Using the HPC queuing systems¶

Slurm is the primary queuing system available on the Wildwood HPC infrastructure. If you have used the CQLS compute infrastructure for some time, you may be comfortable using the SGE commands to start and stop jobs, check on progress, and identify available compute resources. This guide will help you become more accustomed to the Slurm commands and hopefully reduce downtime when switching your workflows over to Slurm.

Note

SGE is available for legacy pipelines on specific compute nodes, but we recommend moving over to Slurm whenever possible. hpcman commands will continue to support both SGE and Slurm whenever possible.

Command overview¶

Purpose	SGE	Slurm	hpcman	Notes
Non-interactive job submission	`qsub`	`sbatch`	`hqsub`	`SGE_Batch` and `SGE_Avail` previously worked for this purpose
Interactive jobs	`qrsh`	`salloc`	`N/A`	`srun --pty $SHELL` is also acceptable
Terminating jobs	`qdel`	`scancel`	`N/A`
Monitoring job status	`qstat`	`squeue`	`hqstat`
Checking job details	`qstat -j $JOBID`	`scontrol show job $JOBID`	`N/A`	The `scontrol show job` option is more informative than the `sstat` command, which is available in Slurm
Getting available compute resources	`qstat -f`	`sinfo -Nl`	`hqavail`

Submitting jobs¶

We recommend most users transition from SGE_Batch and SGE_Array workflows to using hqsub for job submission. hqsub is part of the hpcman software developed at the CQLS to help manage HPC environments, software, and jobs. Under the hood, hqsub can submit scripts to both SGE and Slurm queueing systems, using qsub and sbatch, respectively.

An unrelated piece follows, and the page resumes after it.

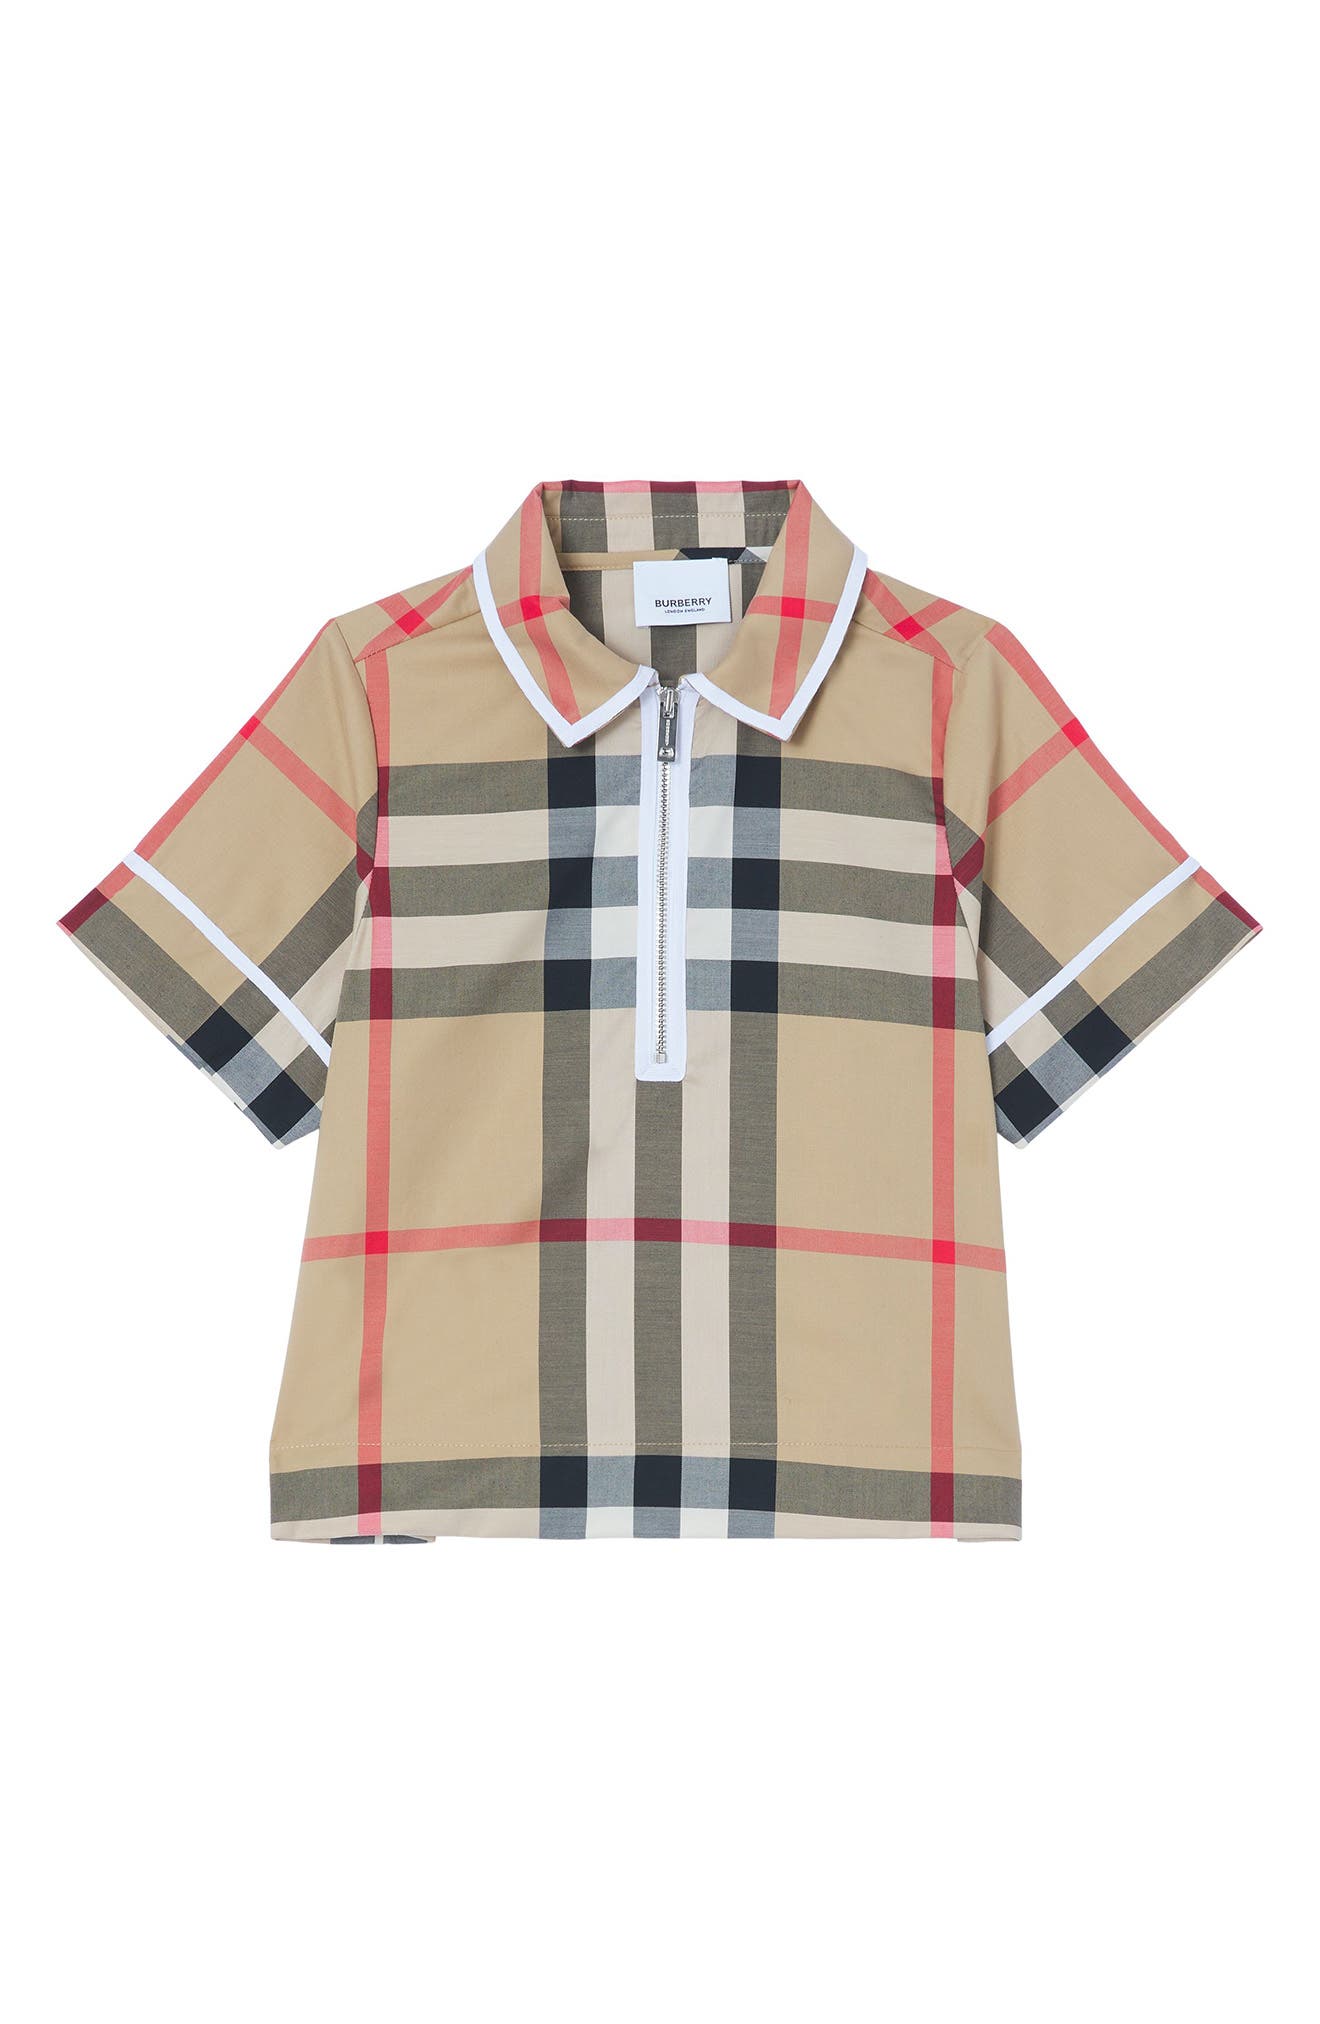 Burberry Kids' Thalia Check Stretch Cotton Zip Shirt in Archive Beige Ip Chk at Nordstrom, Size 4Y Us

Advanced users and those who previously wrote their own qsub scripts should find migration to sbatch relatively painless. See the Rosetta Stone of Workload Managers for more information.

Tip

The translation for number of cores/cpus seems to be -c rather than -n

Interactive jobs¶

In order to check out an interactive session on a node using Slurm, instead of using qrsh, users can use the salloc command (or srun --pty $SHELL). You can also specify a queue (called partitions in Slurm, and for the remainder of this document) and/or a specific node.

Here's an example:

salloc -c 8 -p core -w chrom1

I have checked out 8 CPUs (-c flag), on the core partition (-p flag), on the node chrom1 (-w flag).

Tip

Unlike SGE, Slurm does not limit job submission to a submit host. Because of this, you can check out a node interactively, then submit jobs to/from that node (using sbatch or hqsub). You can monitor job outputs and resource usage more directly using this job submission paradigm.

Link to Slurm reference regarding interactive jobs.

Terminating jobs¶

Users have a few options for filtering and/or selecting jobs to terminate using scancel compared to the qdel command of SGE. The general protocol is the same, with scancel $JOBID canceling a single job by specified jobid.

In general, I suggest always providing the -v flag to scancel as scancel provides no user feedback by default.

Option	Purpose
`--me`	Restrict canceling to your own jobs
`-t STATE`	Cancel jobs in a particular STATE, i.e. pending, running, or suspended
`-p PARTITION`	Restrict to the specified partition
`-w NODE`	Restrict to the specified node
`-n NAME`	Cancel jobs with the specified name

So, as an example, if I wanted to verbosely terminate all of my pending jobs in the all.q partition, I would run:

scancel -v --me -p all.q -t pending

Job status¶

The squeue command prints out information about all running jobs on the infrastructure. squeue acts as a replacement for the qstat command. In general, the hqstat command should suffice for most of your needs in terms of job status monitoring.

Tip

Use the hqstat --watch command to watch job status over time. Use ctrl+c to cancel the watch.

Job details¶

While we previously could get additional information about job details using the qstat -j $JOBID command, the closest command to replicate this functionality in Slurm is the scontrol show job $JOBID command.

Tip

To monitor job status and details programmatically, you can use either the squeue --json -j $JOBID or scontrol show job --json $JOBID commands. The outputs are nearly identical.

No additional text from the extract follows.